Anwalt Martin Clausnitzer
Martin Clausnitzer, Fachanwalt für Steuerrecht aus Freiburg im Breisgau, kämpft gegen die von 27 auf 25 Jahre herabgesetzte Altersgrenze für Kindergeld. Er betreut ein Verfahren beim Bundesfinanzhof und unterstützte den Kläger des aktuellen Verfahrens beim Bundesverfassungsgericht (Az. 2 BvR 646/14). Im Interview mit test.de erklärt Clausnitzer, warum er die rückwirkende Beschränkung des Kindergeldanspruchs für verfassungsrechtlich bedenklich hält.
Herabsetzung der Altersgrenze aus finanziellen Gründen
Das Bundesverfassungsgericht wird sich erneut mit der Frage beschäftigen, ob die herabgesetzte Altersgrenze beim Kindergeld verfassungswidrig ist. Was ist Ihre Einschätzung in der Sache?
Clausnitzer: Ich halte es für ein rechtsstaatliches Unding, dass der Gesetzgeber die Herabsetzung der Altersgrenze schlicht aus finanziellen Gründen verfügt hat und nicht wegen einer Änderung des Bildungssystems oder einer tatsächlichen Verkürzung der Ausbildungszeiten.
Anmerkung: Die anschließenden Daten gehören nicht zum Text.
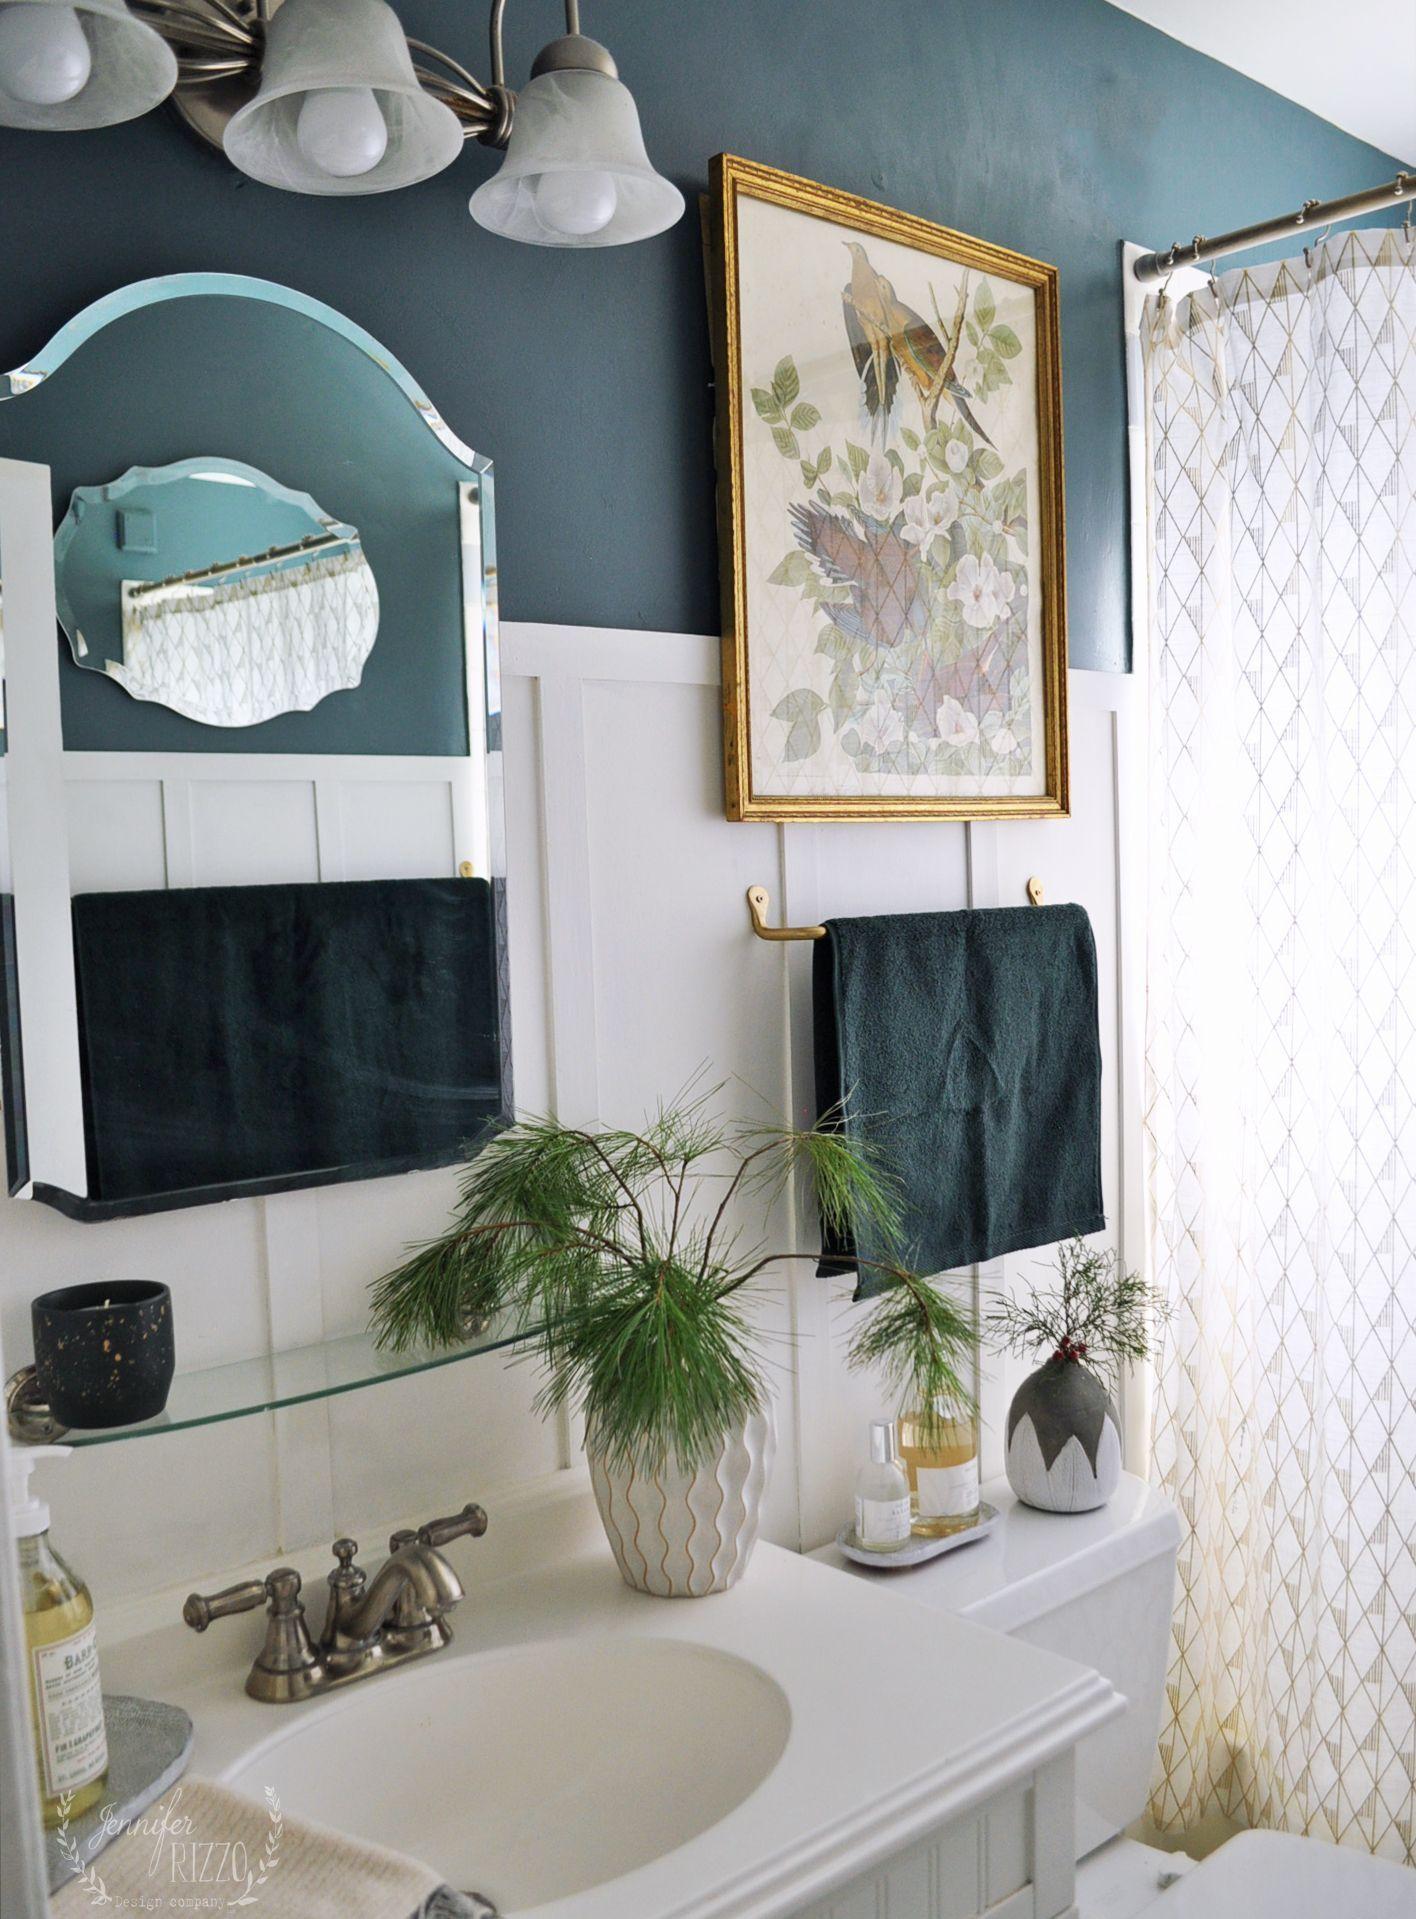 Dark Green Benjamin Moore Calico Blue Bathroom Paint Color For 2019 On Trend Paint Color In 2020 Dark Green Bathrooms Blue Bathroom Blue Bathroom Paint

Heute weiß man, dass der Bologna-Prozess keineswegs erfolgreich verlaufen ist und auch die Abkehr vom Turbo-Abi zeigt, dass die Verschlankung der Ausbildung zum Teil gravierende Nachteile mit sich bringt, Auslandsaufenthalte behindert und individuelle Wege der Ausbildung ignoriert. Die rückwirkende Beschränkung des Kindergeldanspruchs „mit der Keule“ durchzusetzen, halte ich deshalb für verfassungsrechtlich äußerst bedenklich – und zudem politisch für das völlig falsche Signal.
Betroffene sollten Ruhen des Verfahrens beantragen
Was können betroffene Eltern tun?
Clausnitzer: Eltern, die durch die Änderung schlechter gestellt sind und weniger Jahre von Kindergeld und Kinderfreibeträgen profitieren, sollten gegen die Bescheide der Kindergeldstelle und des Finanzamts in der Frist von einem Monat Einspruch einlegen. Sie sollten dabei auf das Verfahren vor dem Bundesverfassungsgericht hinweisen und das Ruhen des Verfahrens beantragen.
Kann die Kindergeldstelle oder das Finanzamt das Ruhen des Verfahrens ablehnen?
Clausnitzer: Eigentlich nicht, weil der Einspruch sich auf ein laufendes Verfahren bei einem obersten Bundesgericht stützt – ausgeschlossen ist das aber nicht.
Was passiert, wenn eine Behörde das Ruhen des Verfahrens ablehnt?
Clausnitzer: Dann müssen die Betroffenen gegen den Bescheid vor dem Finanzgericht klagen.